И не знаю уж почему, но заслышав такую формулировочку, проникаюсь бешеной жалостью к самой себе, и трясусь вся в рыданиях. Прям как курва-Лиличка час назад ,сигаретой пальцы жгу, тушь по лицу размазываю, реву о том, какая я вконец несчастная…
– Грязь, грязь, сплошная грязь! Написала ложь – знающим людям стыдно в глаза смотреть. Ты б почитал только, какие жуткие письма шлют мне те, кто знал Марину по-настоящему… И так мне! И правильно! – задыхаюсь уже от собственных всхлипываний, но выговориться сейчас важнее. Не перед Артуром-лжецом, не перед ним, конечно, а просто так перед воздухом, перед пространством, что б понимало все, видело как тошно мне, а, значит, я еще не совсем бессовестная … – Поделом мне! Связалась с торговцами чужими страданиями, значит, и сама теперь такая же! – накатывает новая волна обиды. – А я тебе, Артур, верила! Думала ты со мной настоящий, искренний. А тут – такое опровержение. Да еще и в интимных подробностях. Я ей – «давай эту тему отбросим, как-то не до мужиков сейчас», а она – дурная уже совсем, одержимая – странно так смотрит, явно сама себя воспоминаниями накрутив и давай чушь нести: «Иди ко мне. Только женщина знает, что нужно женщине, да? Я давно ведь уже о тебе думаю.
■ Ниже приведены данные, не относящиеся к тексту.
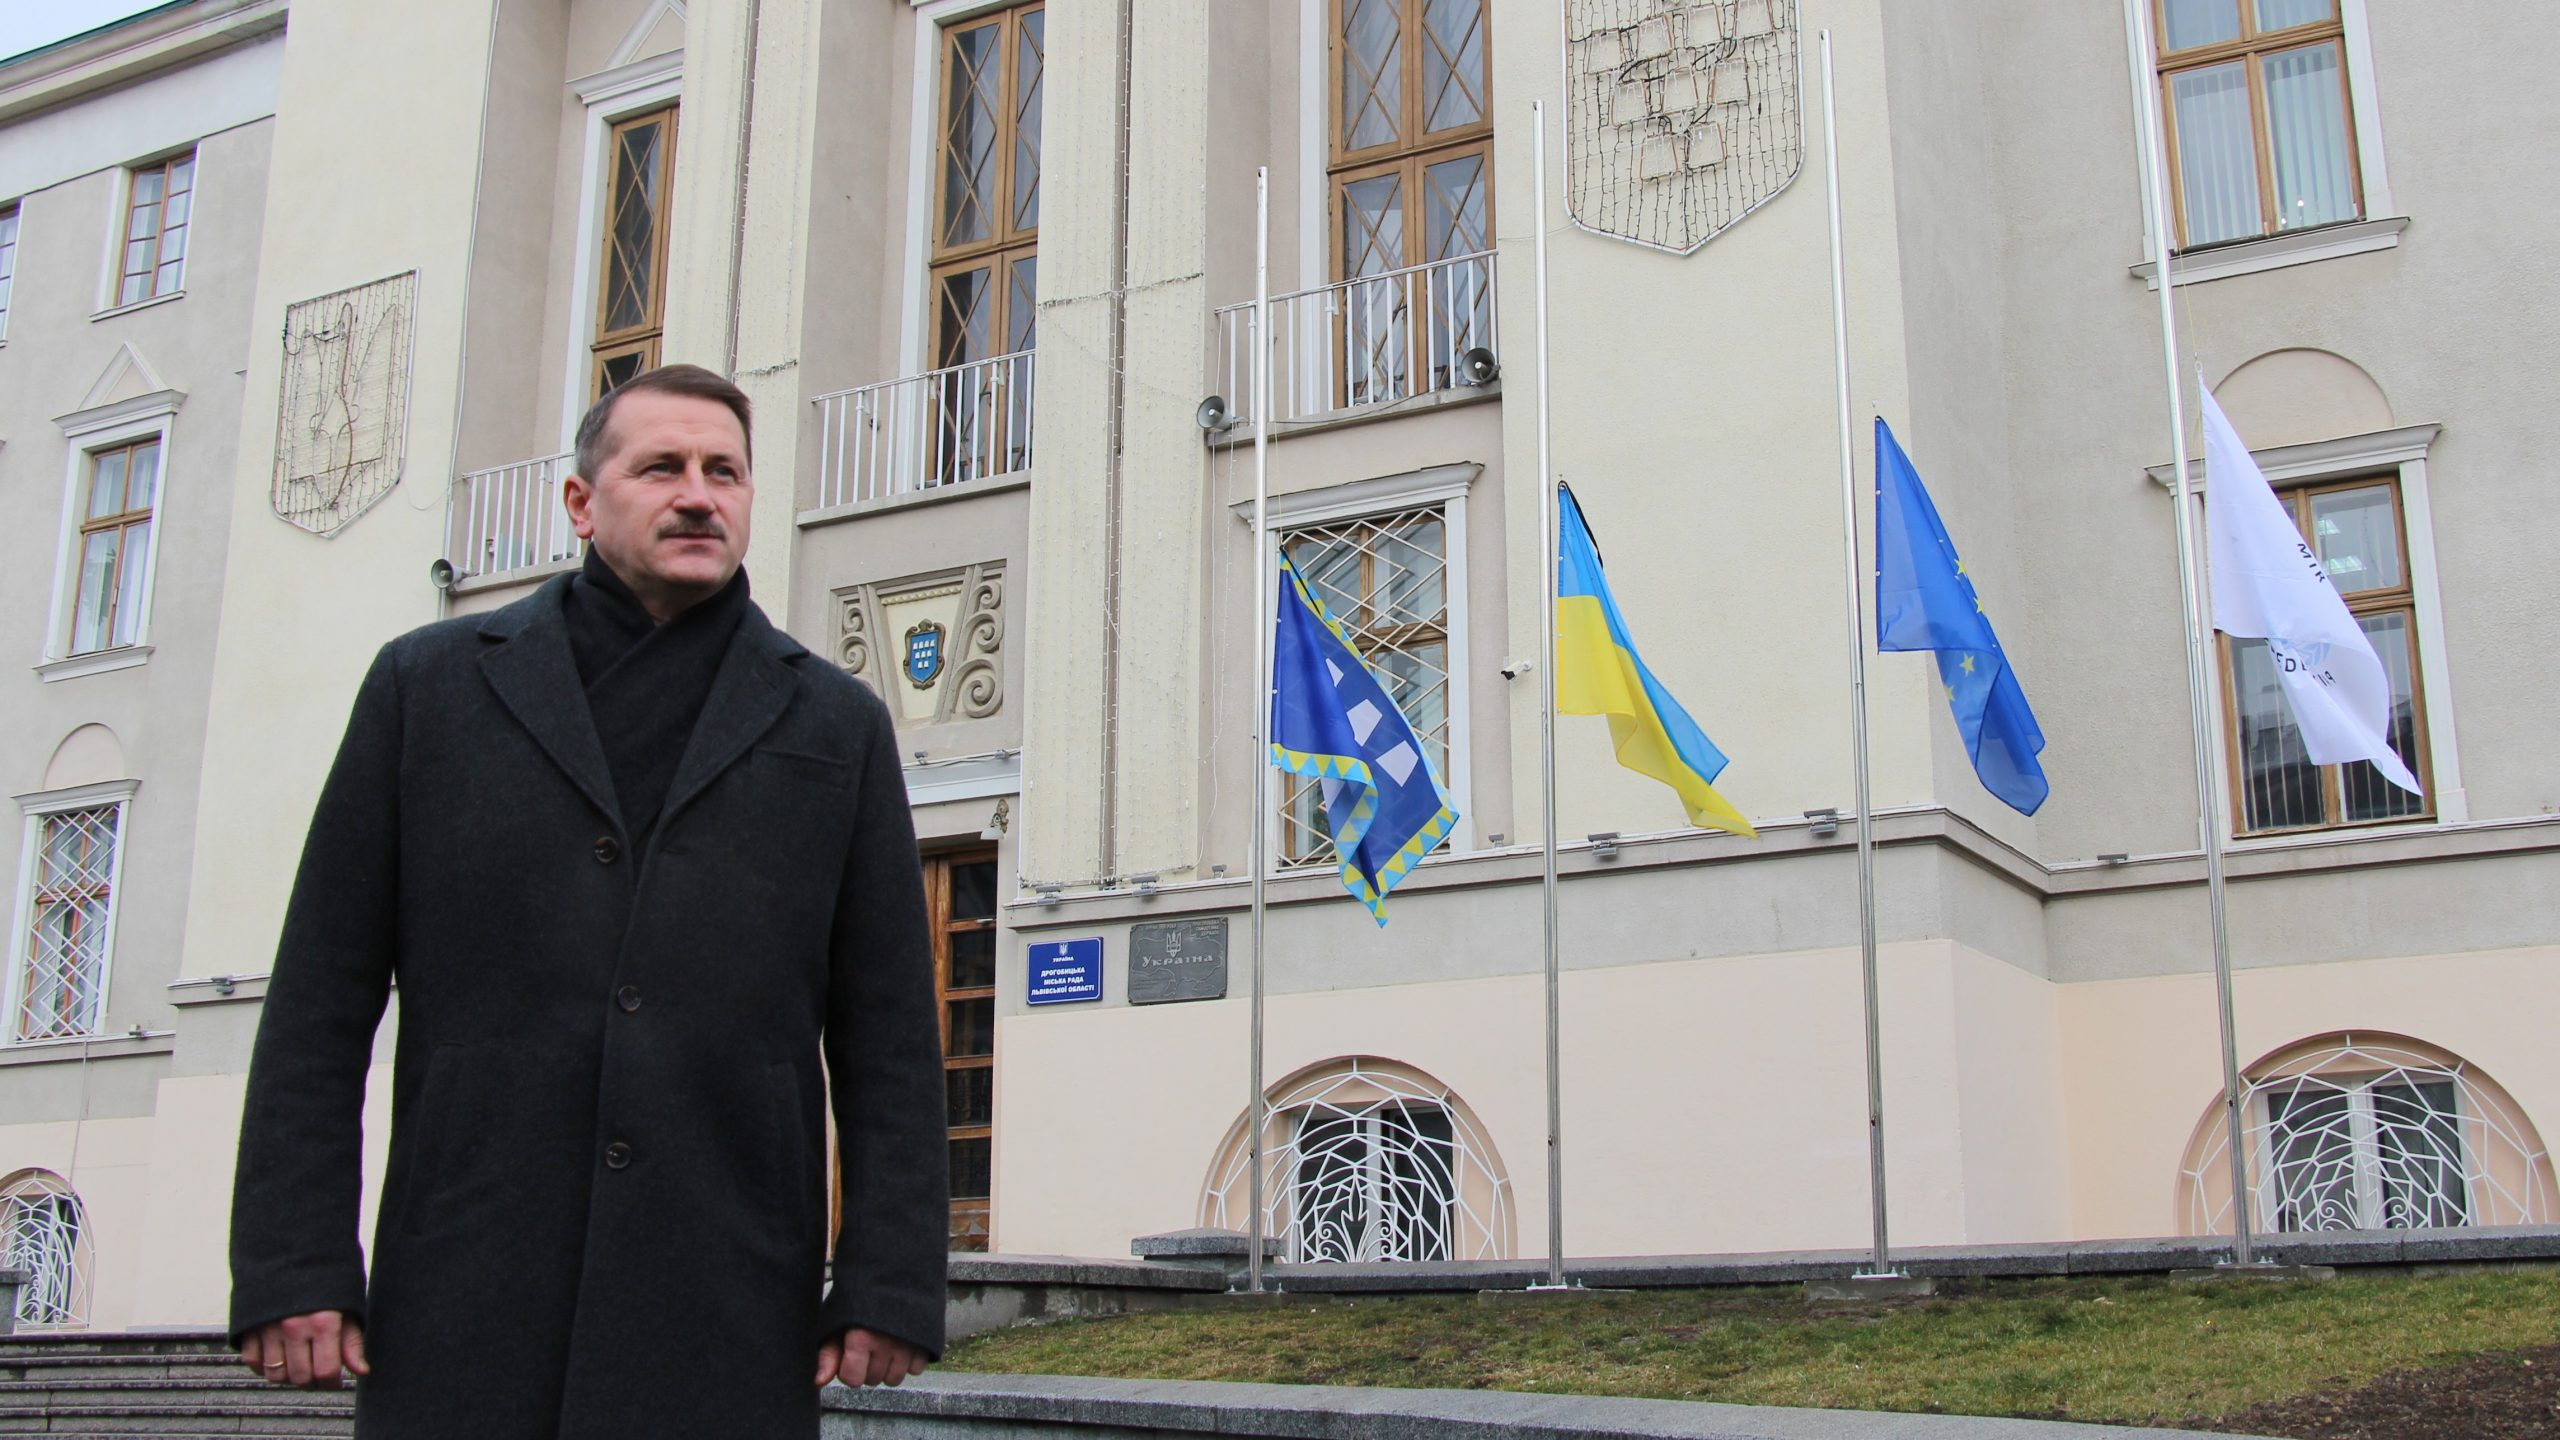 Тарас Кучма: Ми не дамо і не маємо морального права забути подвиг Героїв Небесної Сотні

Ох, как нам будет сладко, да, милая?» – и прыгает, как змея. И зубами в губы впивается, и рукой грудь сжимает. А кругом эти друзья ее бесноватые… И оборачиваются вдруг на нас, и визжат поощряюще, и в ладоши хлопают. Гадость какая! Уж насколько я человек без комплексов, а тут такой стыд испытала. Старая, пьяная – ну не пьяная, ну все равно никакущая – баба о себе заоблачного мнения и меня совратить пытается. Совсем она с катушек скатилась… Отругала ее, рассорилась. Лиличка обиделась, на шею какому-то нежащемуся неподалеку в кресле парню бросилась. Буквально, с ногами. А я в положении идиотки, то ли тащить ее домой – накуролесит ведь. То ли оставить получать удовольствие. Но она, слава богу, сама вдруг остатки разума в кулак соскребла. Давай мужу звонить, карету требовать. А на меня и не смотрит, вся разобиженная. «Ты, – говорит, – Шуток не понимаешь, себя выше всех ставишь и вообще, скучная»… Я плюнула и домой поехала. А по дороге, только расслабиться попытаюсь, лезет этот ее рассказ в голову. Как ты мог? Она же старая, обшарпанная, сумасшедшая… Если это твой вкус, то на фига меня морочишь, для коллекции?! – последнее, конечно, уже не жалобы, а ярость с обвинениями. – Убирайся! – кричу.